Condition-associated TCR CDR3s are not fully known for many multifactorial autoimmune or cancer related diseases. For diseases with known antigen, such as celiac disease (CD) where some information about the antigen (gluten) is known, specific protocols like tetramers and/or sorting would have to be designed to characterize the antigen-specific T-cells, their CDR3s, and other phenotypes in detail. Although highly useful, such methods designed to select antigen-specific repertoires are unable to detect T-cell clones responding to other important immune targets other than gluten, either self or foreign, possibly ignoring a crucial part of the immune response that would explain the pathology all the more. Methods such as the one presented in this study that attempt to detect condition-relevant T-cell clones from total repertoires, without necessarily having prior knowledge of the immune target (or targets), coupled with techniques that profile the overall gene expression of the condition-associated T-cell clones, would potentially provide a highly comprehensive picture of the adaptive immune response. This leads to a much more complete understanding of such diseases in-terms of unraveling the hidden pieces of the puzzle, and could provide ways for the prediction of the unknown immune targets. For diseases in which the antigens are totally unknown, the application of such methods could lead to the identification of the associated CDR3 sequences that could serve as immune-response bio-markers with possible clinical application, as well as enabling their comparison to other known disease associated CDR3 sequences available in CDR3 databases [35, 36], potentially allowing prediction of their possible target antigen via specificity estimates that can be obtained using recently reported TCR-epitope specificity prediction methods [37].
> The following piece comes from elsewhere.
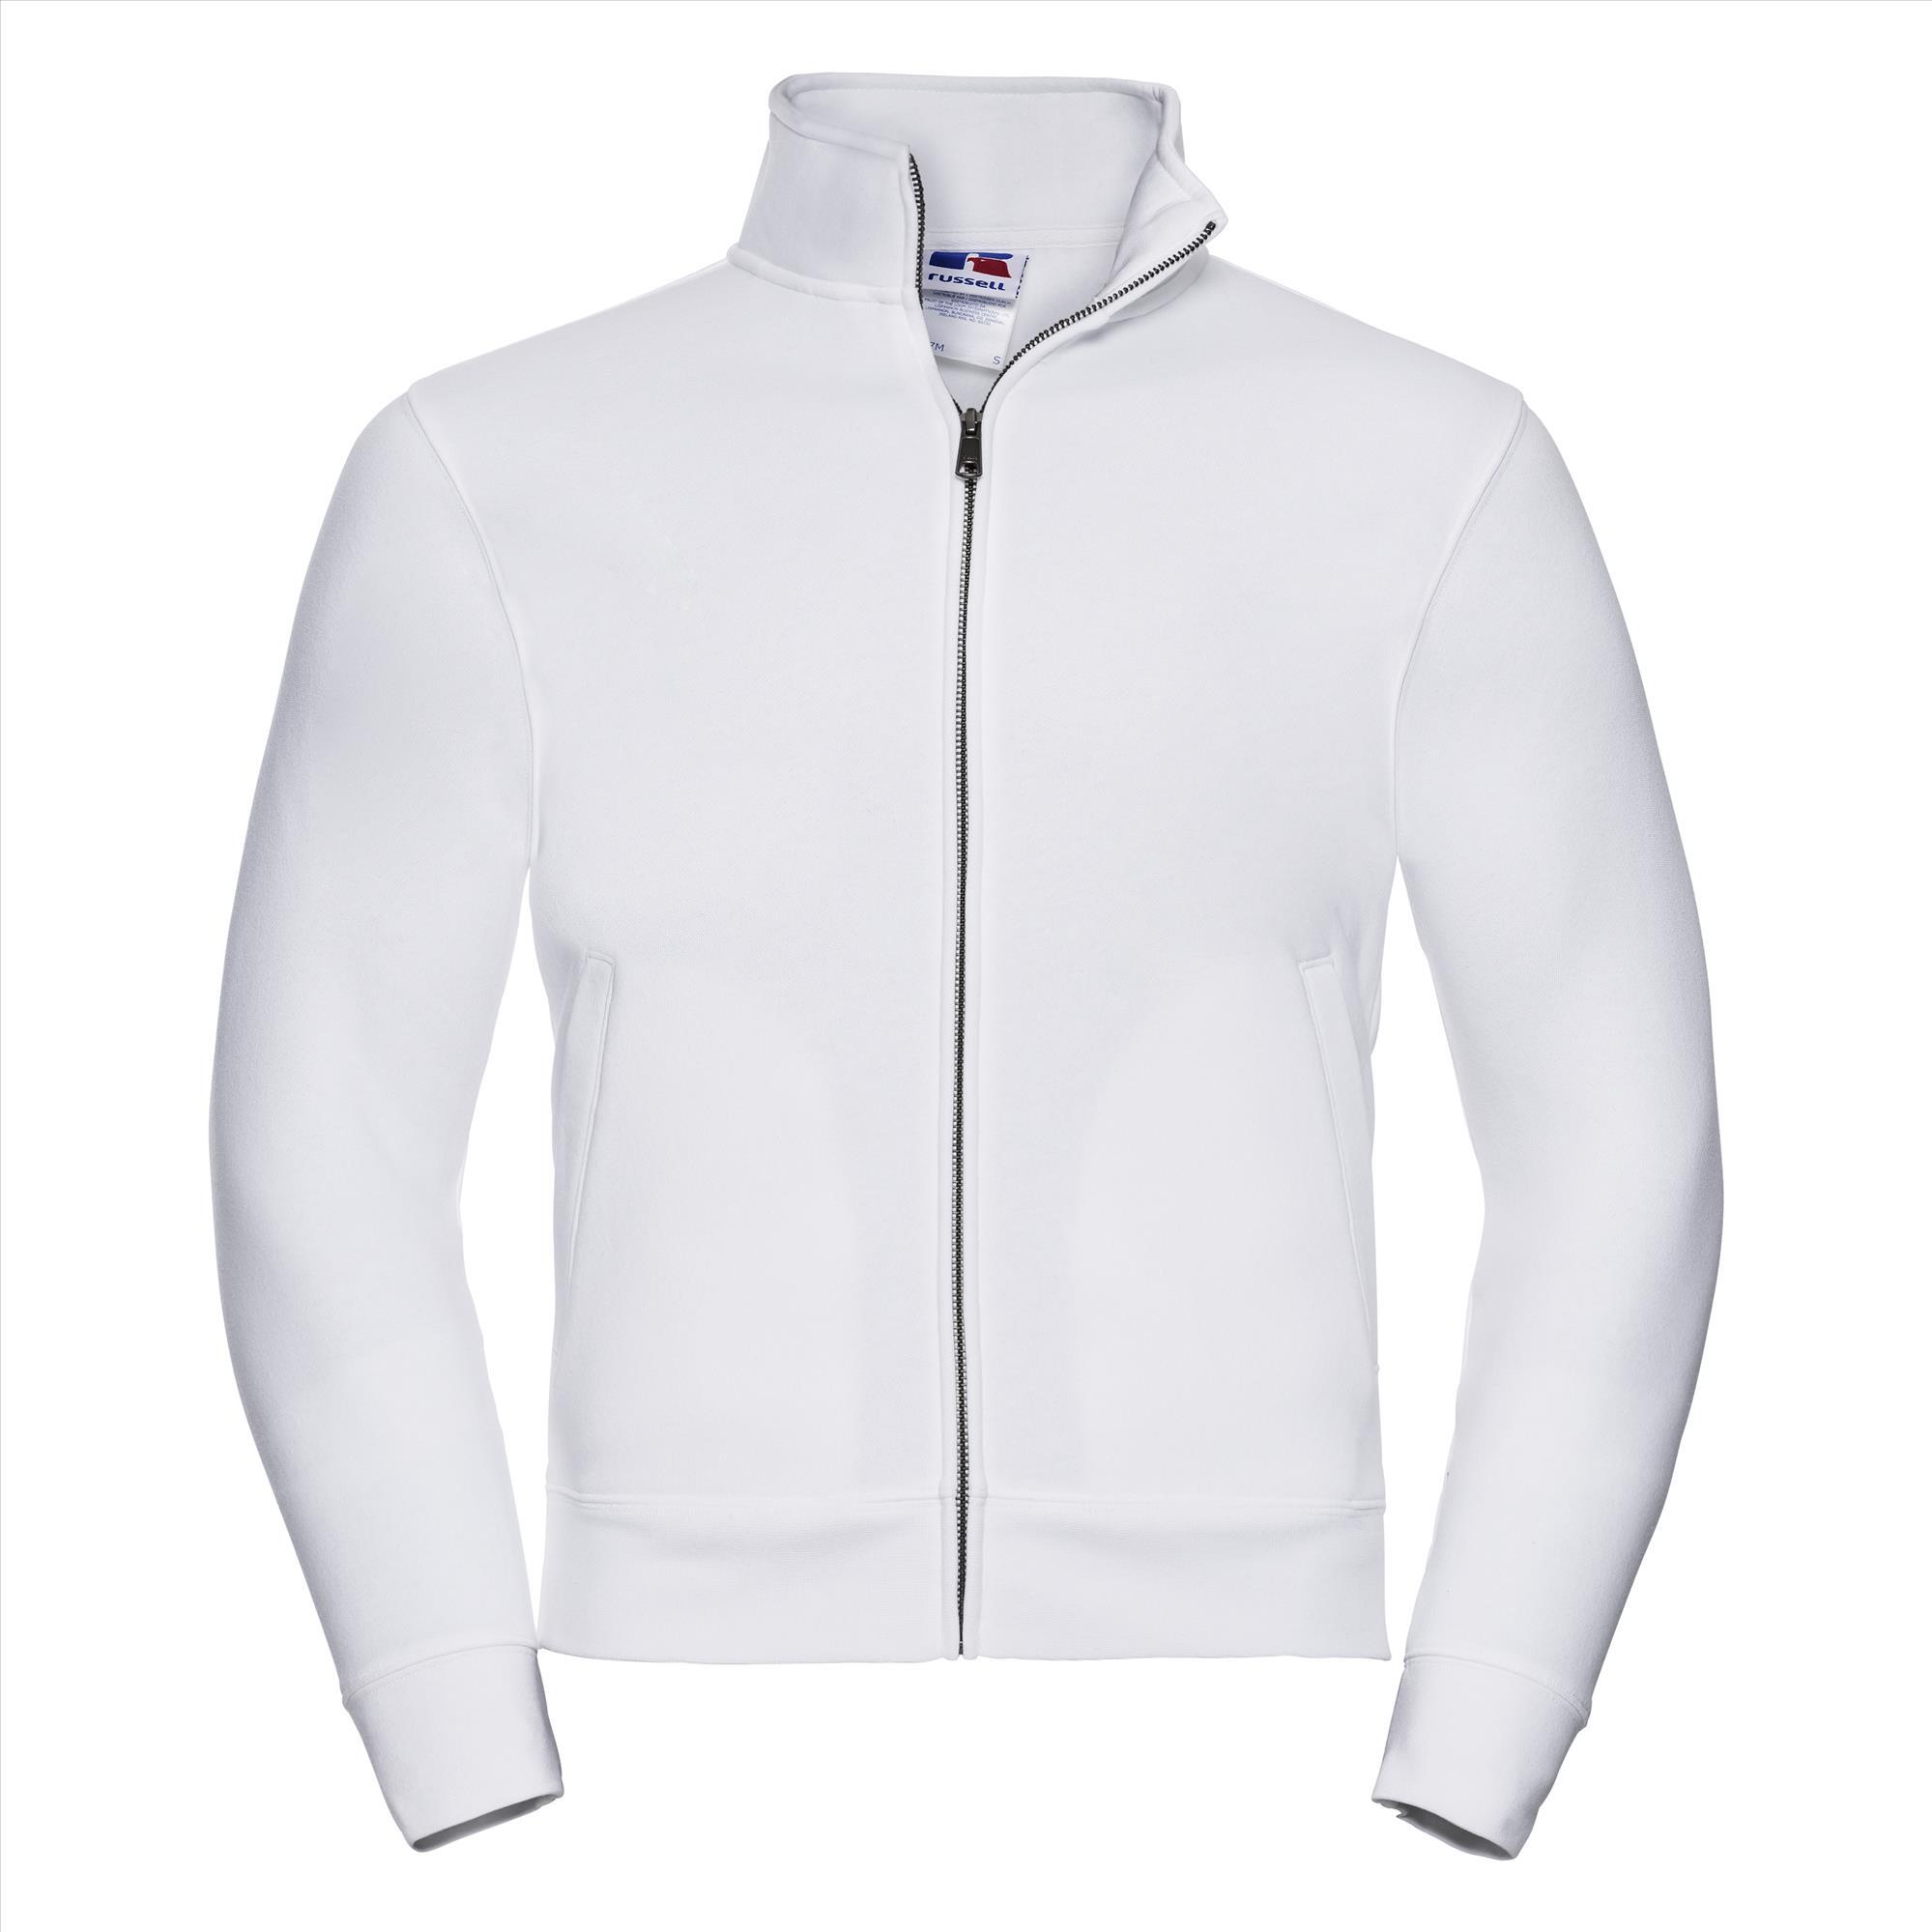 Sweatjacket wit voor mannen perfect voor persoonlijke bedrukking personaliseren

Main limitations of the methodology include restricted repertoire representativeness and computational intensiveness, both arising from the immense diversity of immune repertoires. There are millions of unique CDR3 sequences in every person, each representing a T-cell clone, and most found only in a single person. Only tens to hundreds of thousands of unique CDR3s are being sampled with the current Repseq technology per sample. Since calculating pairwise distances for potentially hundreds of thousands of CDR3s is computationally intensive, if not infeasible, we adopted repeat resampling and applied the methodology a repeated number times with randomly selected smaller repertoire samples. The number of repeat resample runs chosen and the repertoire size of each repertoire resamples determines the computational resources required and exhaustiveness of the result. Additionally, usage of bigger k sizes for the k-mer frequency based CDR3 encoding is computationally intensive. While our choice of k = 4 for nt and k = 3 for aa is based on their successful applications in other studies (see Methods), analyses of ks from 2 to 8 for nt k-mers showed no substantial difference, or gain in detection capacity, while at the same time resulting in significant increase of computational requirements as k increases (Additional file 1: Fig. 7S). As Repseq datasets are already huge with thousands of clonotypes in multiple samples, the use of smaller k is a better tradeoff. We ran the method for all datasets on a supercomputer cluster using a single node with 24 cores. Running the method with 100 resample rounds for the CD PBMC and CD Gut datasets took around one hour using nt 4-mers, and 15 and 8 h respectively, when using aa 3-mers. A combined memory of approximately 100 GB was used for both nt and aa based analyses. For the two bigger YFV datasets, 600 resample rounds needed 40 to 50 h for an nt 4-mer based analysis with a maximum of 322 GB of memory used (Additional file 1: Table 7S). As the results from using nt 4-mers are highly comparable to those obtained by aa 3-mers, using the method with the nt 4-mer option is the better option for bigger datasets whenever clonotype nucleotide data is available.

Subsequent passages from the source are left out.